Apollo is a double-ringed walled plain (or basin) whose inner ring is roughly half the diameter of the outer wall. Both the outer wall and the interior have been heavily worn and eroded by subsequent impacts, so that significant parts of the outer and inner walls now consist of irregular and incised sections of mountainous arcs.
The interior floor is covered in a multitude of craters of various sizes, some of which have been named for people associated with the Apollo program or other NASA projects.
Sections of Apollo's interior have been resurfaced with lava, leaving patches of the floor with a lower albedo than the surroundings. There is a large patch of this lunar mare in the middle part of the inner ring, which contains some ray system markings. A long stretch of the mare lies along the southern part of the crater. There is also a smaller section near the western rim.
Prior to formal naming in 1970 by the IAU,[2] the crater was known as Basin XVI.[3]
Three craters are named after the crew of Apollo 8. In the southeast part of Apollo is Borman crater, named after commander Frank Borman. Near the southeastern margin of Apollo is Anders crater, named after William Anders. On the eastern margin is Lovell crater, named after Jim Lovell.

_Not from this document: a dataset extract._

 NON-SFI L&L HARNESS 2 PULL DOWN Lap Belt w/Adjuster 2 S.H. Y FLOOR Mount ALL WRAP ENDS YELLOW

Many craters within and adjacent to the Apollo impact have been named to honor deceased NASA employees.
Dryden is attached to the west-northwestern exterior of the inner ring. Chaffee is a similar-sized crater that lies partly across the southwest section of the inner ring. Inside the inner ring are the craters Resnik, McAuliffe and Onizuka, and the Jarvis–McNair crater pair. The crater Smith lies across the northern part of the inner ring.
In 2006 the IAU approved a proposal to name seven interior craters to honor the astronauts killed in the Space Shuttle Columbia disaster.[4] [5]

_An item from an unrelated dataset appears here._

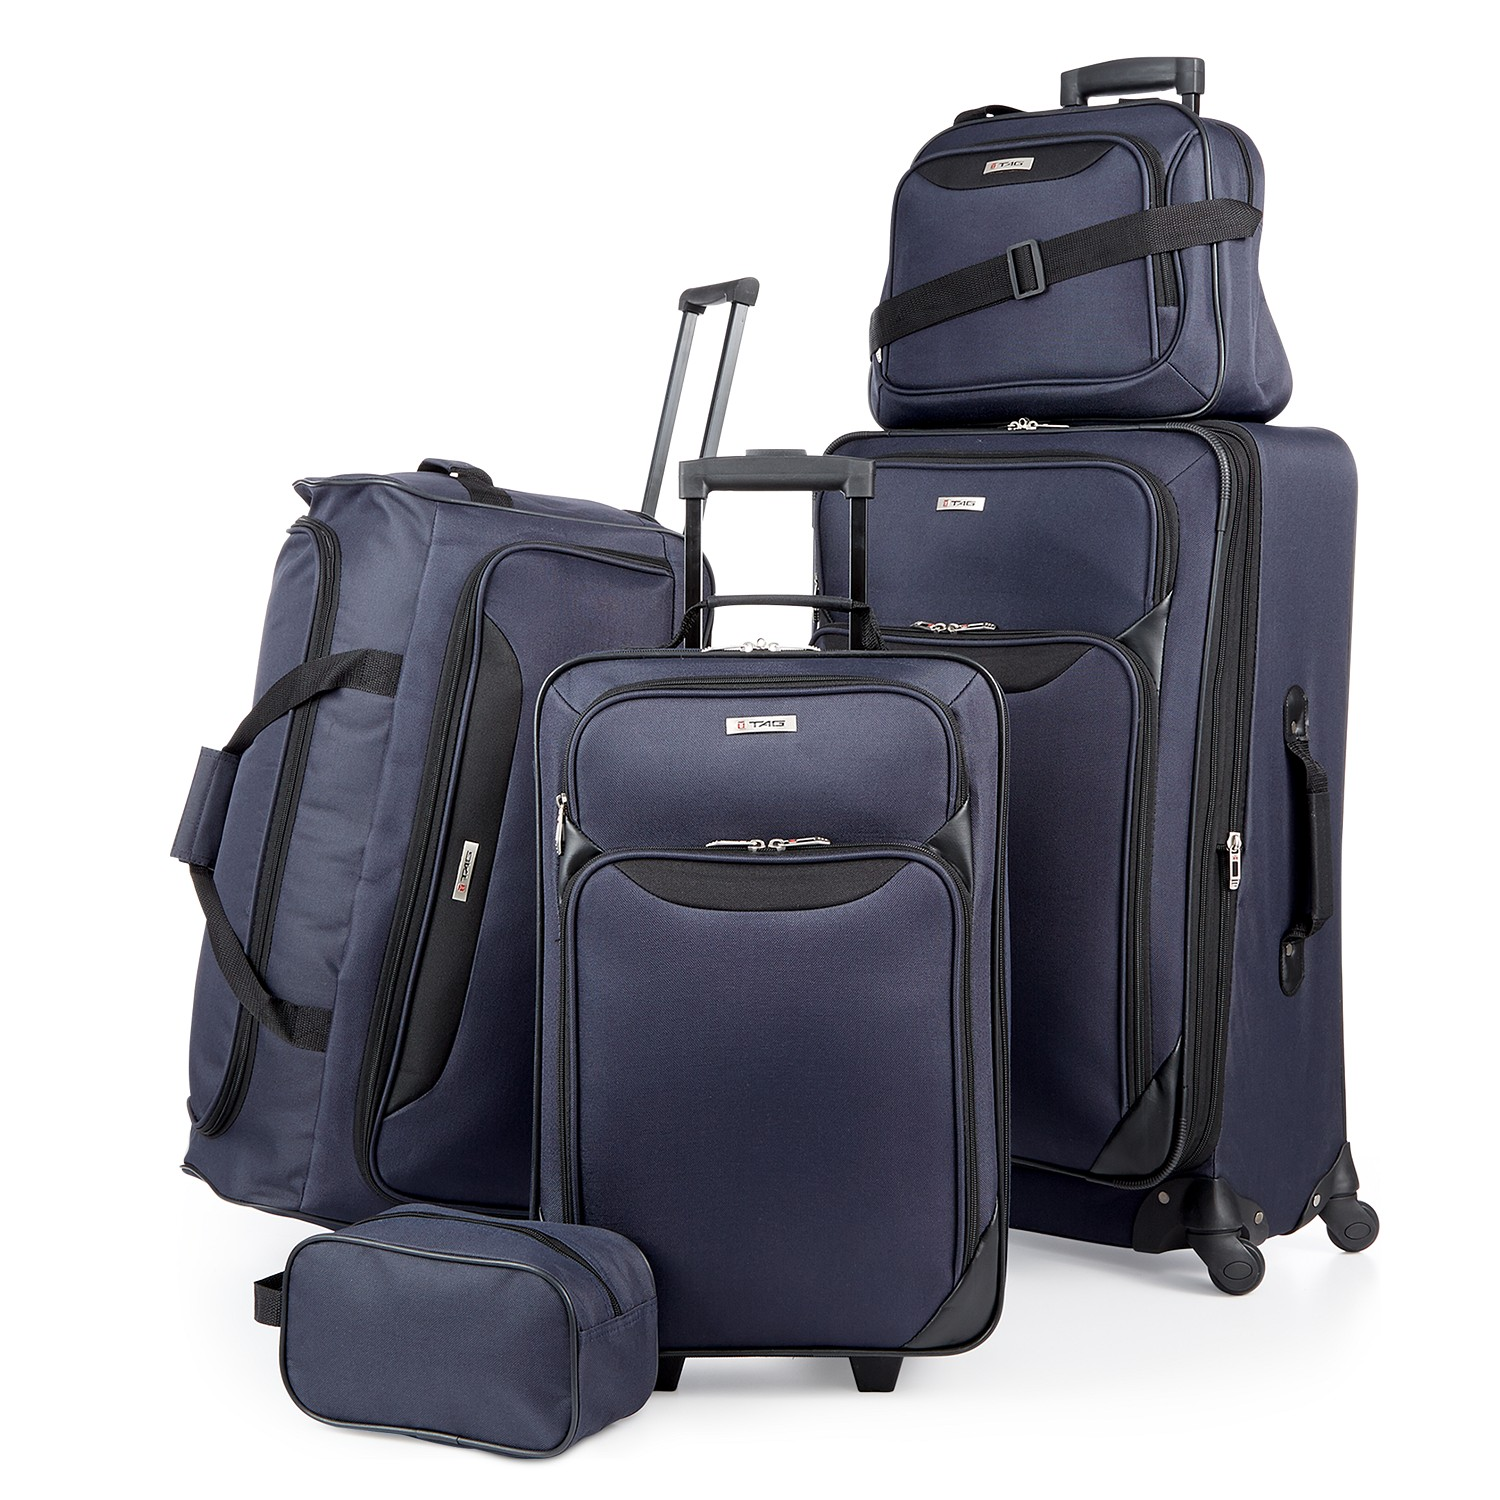 Tag Springfield III 5 Piece Luggage Set Only $59.99 Shipped! Great Reviews + Lowest Price!

Crater | Coordinates | Diameter | Name source | |
---|---|---|---|---|
Chawla | -42.8°N -147.5°W | 15 km | Kalpana Chawla | |
D. Brown | -42°N -147.2°W | 15 km | David McD. Brown | |
Husband | -40.8°N -147.9°W | 29 km | Richard D. Husband | |
L. Clark | -43.7°N -147.7°W | 16 km | Laurel B. S. Clark | |
McCool | -41.7°N -146.3°W | 21 km | William C. McCool | |
M. Anderson | -41.6°N -149°W | 17 km | Michael P. Anderson | |
Ramon | -41.6°N -148.1°W | 17 km | Ilan Ramon |
Three of the crater names include the respective astronaut's first initials to distinguish them from the existing craters called Anderson, Brown and Clark.

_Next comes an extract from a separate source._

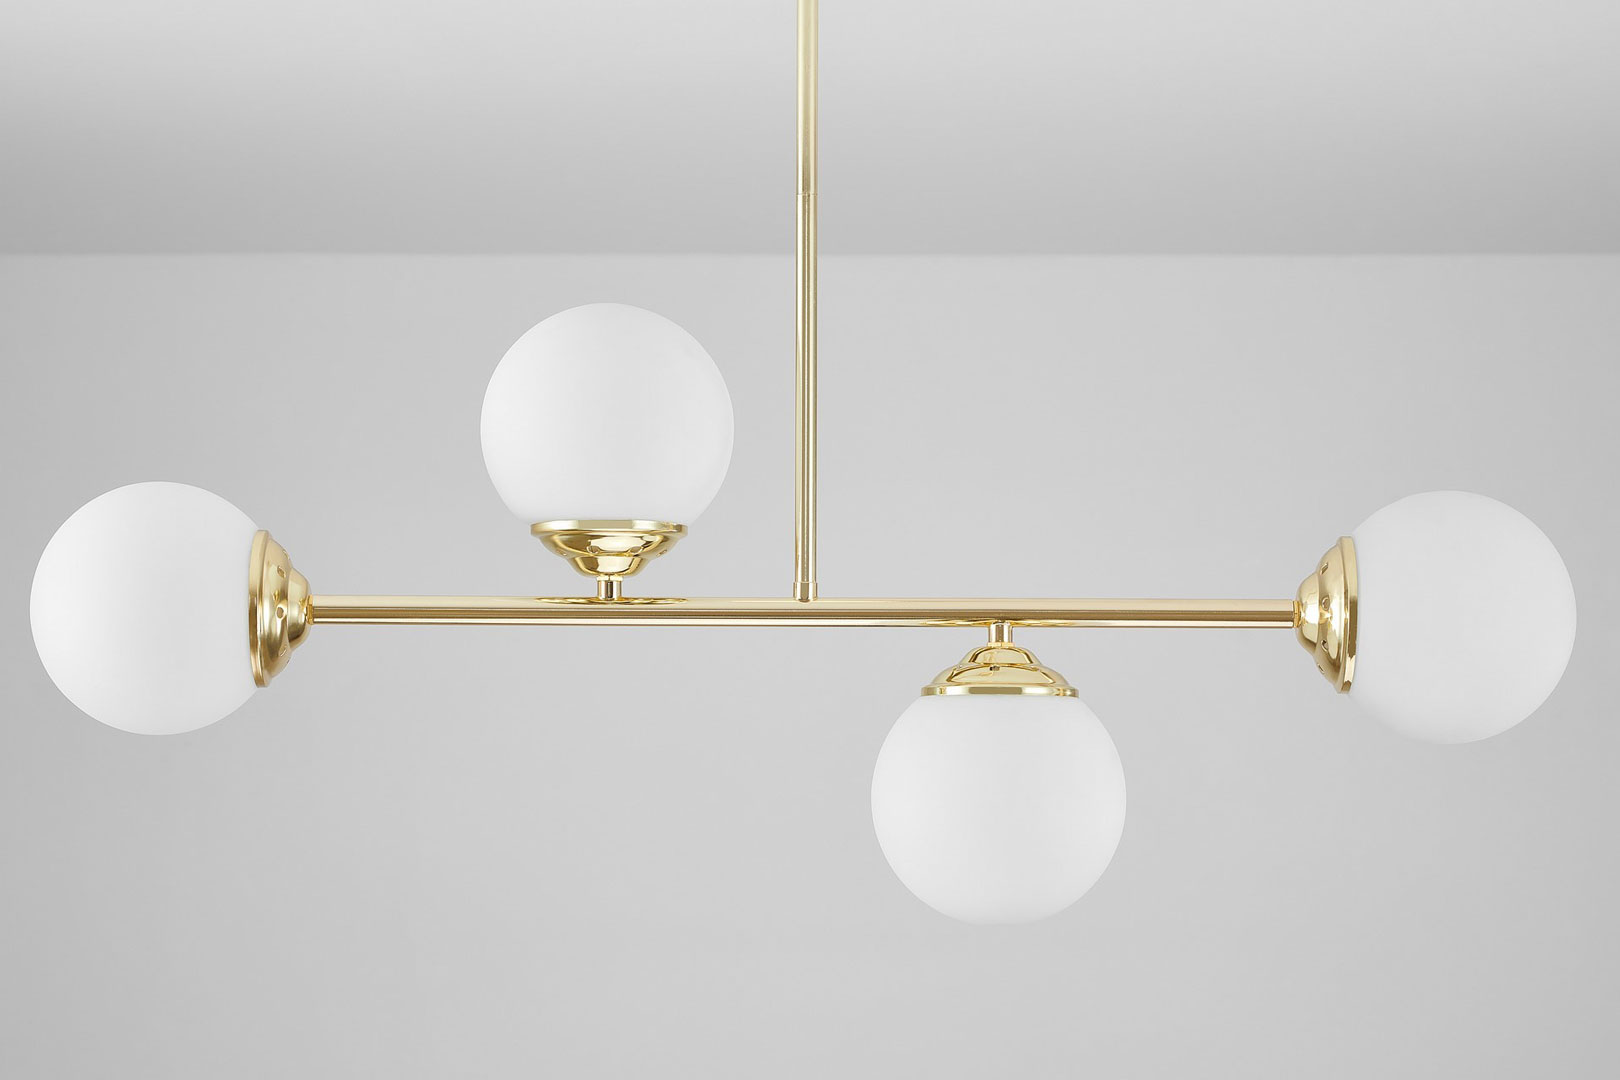 Gold tube pendant lamp with white glass globe shades, classic gold - FINO - Lampit image 4

China launched the Chang'e 6 robotic mission on 3 May 2024, which seeks to return the first lunar sample from the Apollo Basin on the far side of the Moon.[6] This is China's second lunar sample return mission, the first was the Chang'e 5 mission that returned lunar samples from the near side of the Moon four years earlier.[7] The Chang'e 6 lander also carried a rover named Yidong Xiangji which conducted infrared spectroscopy of the landing site and imaged the Chang'e 6 lander on the lunar surface.[8] The lander-ascender-rover combination separated from the orbiter and returner before landing in the southern mare of the Apollo basin on 1 June 2024 at 22:23 UTC; its precise landing location is near lunar coordinates [9] [10] [11] [12] After the probe collected far-side regolith samples and placed it on the ascender, the latter probe segment launched back into lunar orbit on 3 June 2024 at 23:38 UTC. The ascender docked with the Chang'e 6 service module (the orbiter) in lunar orbit at 06:48 UTC on 6 June 2024 and subsequently completed the transfer of the sample container to the Earth return module at 07:24 UTC on the same day.[13] The orbiter left lunar orbit on 20 June 2024 with the atmospheric re-entry module that landed in Inner Mongolia with the collected samples on 25 June 2024.